Promoter-proximal introns impact recombinant amylase expression in Saccharomyces cerevisiae

Abstract

Consolidated bioprocessing (CBP) of starch requires recombinant Saccharomyces cerevisiae strains that produce raw starch-degrading enzymes and ferment the resultant sugars to ethanol in a single step. In this study, the native S. cerevisiae COX4 and RPS25A promoter-proximal introns were evaluated for enhanced expression of amylase genes (ateA, temA or temG_Opt) under the control of an S. cerevisiae promoter (ENO1P, TEF1P, TDH3P, or HXT7P). The results showed that different promoters and promoter-intron combinations differentially affected recombinant amylase production: ENO1P-COX4i and TDH3P-RPS25Ai were the best promoters for AteA, followed closely by HXT7P. The latter was also the best promoter for TemA and TemG production, followed closely by TDH3P-RPS25Ai for both these enzymes. Introducing promoter-proximal introns increased amylase activity up to 62% in Y294[ENO-COX-AteA] and Y294[TDH3-RPS-TemA], a significant improvement relative to the intron-less promoters. Strains co-expressing both an α-amylase and glucoamylase genes yielded up to 56 g/L ethanol from 20% w/v raw starch, with a higher carbon conversion observed with strains co-expressing TDH3P-RPS25Ai-temG_Opt than HXT7P-temG_Opt. The study showed that promoter-proximal introns can enhance amylase activity in S. cerevisiae and suggest that these alternative cassettes may also be considered for expression in more efficient ethanol-producing industrial yeast strains for raw starch CBP.
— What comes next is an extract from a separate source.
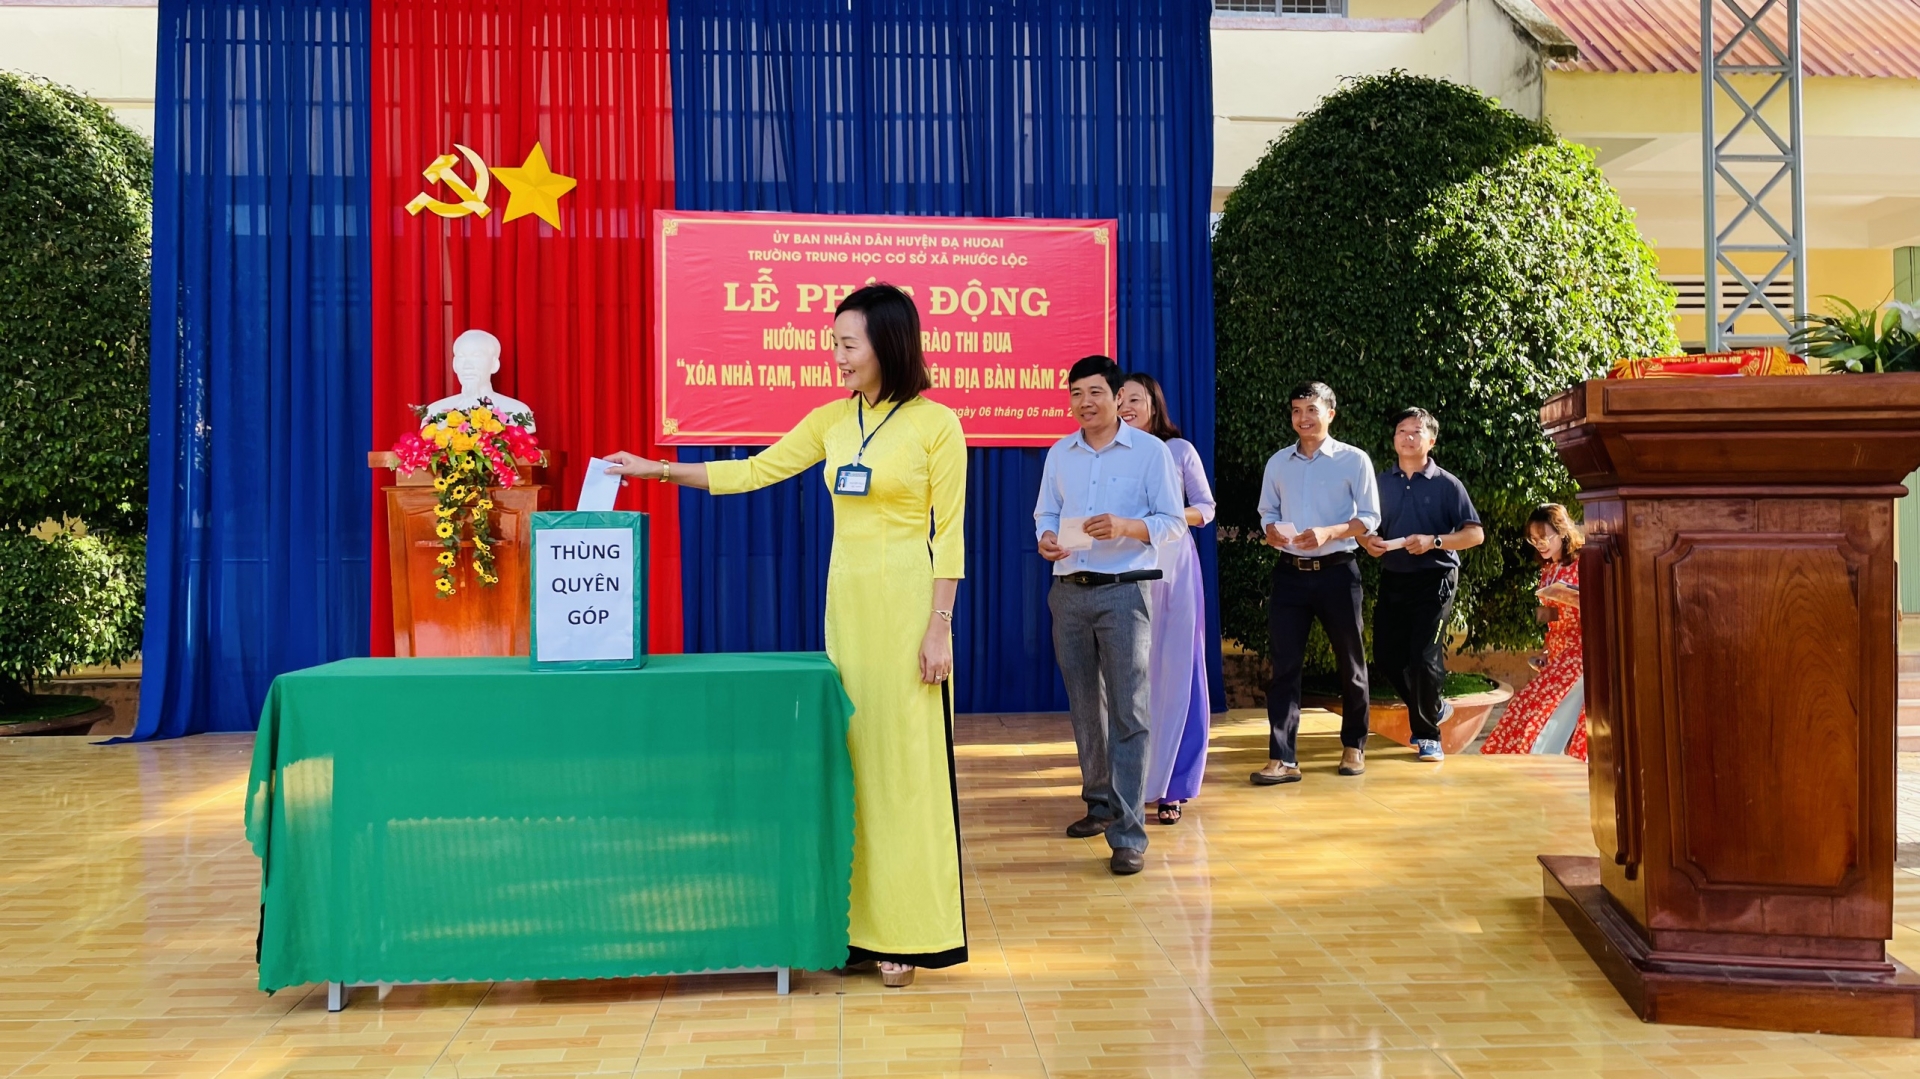 Ngành Giáo dục huyện Đạ Huoai phát động phong trào thi đua “Xóa nhà tạm – nhà dột nát”

Keywords: intron-mediated enhancement; promoter-proximal introns; recombinant amylase; starch-based biofuels.

Figure 1.

SC^−URA starch plates showing clear zones produced by recombinant yeast strains expressing the (A) ateA, (B) temA and (C) temG_Opt amylases, as well as (D) recombinant strains expressing an α-amylase and glucoamylase. Strain Y294[ENO1] was a negative control (no amylase gene).

Figure 2.

Extracellular amylase activity displayed by S. cerevisiae strains expressing the (A) ateA, (B) temA and (C) temG_Opt genes under the control of different native and intron-engineered promoters when aerobically cultivated in 2 × SC^−URA at 30°C. The solid line represents the negative control, and the different broken lines represent the intron-less, RPS25A_i and COX4_i-containing strains. Strains with the ENO1_p, TEF1_p, HXT7_p and TDH3_p promoters are represented by green, blue, red and orange graphs, respectively. Error bars represent standard deviations from the mean of three replicates.

Figure 3.

(A) Total extracellular amylase activity on soluble corn starch using supernatant from the recombinant and control S. cerevisiae strains cultivated aerobically in 2 × SC^−URA at 30°C for 48 hours. (B) SDS-PAGE analysis of the protein species in the supernatant after 72 hrs. MM represents the molecular weight marker (kDa). (C) Glucose, (D) ethanol, (E) glycerol and (F) maltose concentration during the fermentation of raw starch for the recombinant and control S. cerevisiae strains. Error bars represent the standard deviations from the mean of three replicates.